Иностранная литература №04/2011 - страница 10



У этой религии нет Бога, зато есть Папа. Папа, мол, – он сам. Далее оратор сообщил, что, следуя примеру католической церкви, просит присутствующих принять догмат Комарусовой непогрешимости. И поделился своим намерением составить в самые кратчайшие сроки Гражданско-молитвенный кодекс (ГМК), где в 2385 афоризмах изложит основополагающие принципы новой религии…

Когда собрание закончилось, присутствующие в полном составе отправились в кафе “Клёцка”.

Кафе “Клёцка”

Перевод Татьяны Баскаковой

© Татьяна Баскакова. Перевод, 2011

I

ЛИЗХЕН Лизель приехала из провинции в этот город, чтобы стать актрисой. Дома все ей казалось мещанским, тесным, отупляющим. Мужчины там были глупыми. Небо, поцелуи, подружки, воскресные вечера – несносными. Больше всего ей нравилось плакать. Быть актрисой в ее представлении значило: быть умной, свободной, счастливой. А в чем это должно выражаться, она не знала. И не пыталась проверить, есть ли у нее талант.

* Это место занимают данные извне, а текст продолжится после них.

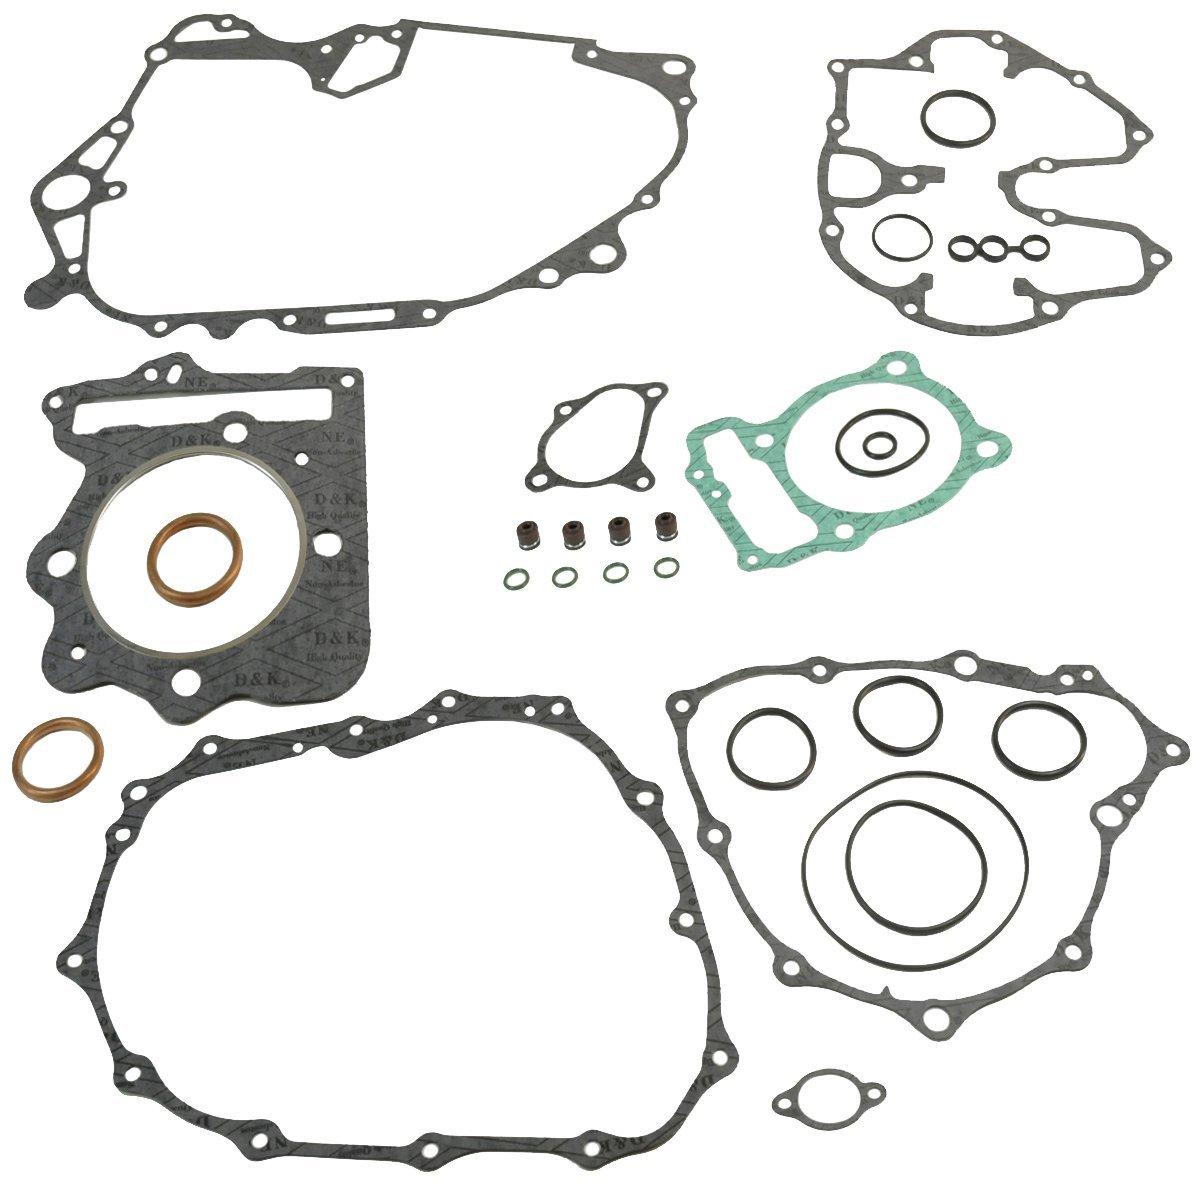 Buy Niche Industries 1611 Honda Sportrax TRX400EX Cylinder

Она восторгалась кузеном Готшалком, потому что он жил в этом городе и сочинял стихи. Однажды, когда кузен написал, что по горло сыт юридической наукой и отныне будет жить в соответствии со своими склонностями, как свободный литератор, она сообщила испуганным родителям, что от их полукре-стьянской жизни ее тошнит; она, мол, станет актрисой – в подражание своему идеалу. Ее всячески пытались отговорить. Но ничего не вышло. Она настаивала все решительнее, пускала в ход угрозы. Родители, хоть и с неохотой, в конце концов уступили: съездили с ней в город, сняли ей комнатку в большом пансионе, записали ее в дешевую театральную школу. Попросили кузена Готшалка за ней присматривать.

Готшалк Занудов не забывал о кузине Лизхен. Он водил девушку в кабаре; читал ей стихи в своей богемной берлоге; приглашал и в литературное кафе “Клёцка”; часами, рука об руку, гулял с ней по ночным улицам; тискал ее; целовал. Фройляйн Лизхен была приятно одурманена новыми впечатлениями; но вскоре стала замечать, что все-таки дома представляла себе многие вещи более привлекательными, чем они оказались на самом деле. Ее раздражало, что директор театральной школы, коллеги, литераторы из кафе “Клёцка” – все мужчины, с которыми она часто встречалась, находили удовольствие в том, чтобы лапать ее, гладить ей руки, прижиматься коленями к ее коленкам, беспардонно ее разглядывать. Даже приставания Занудова ее тяготили.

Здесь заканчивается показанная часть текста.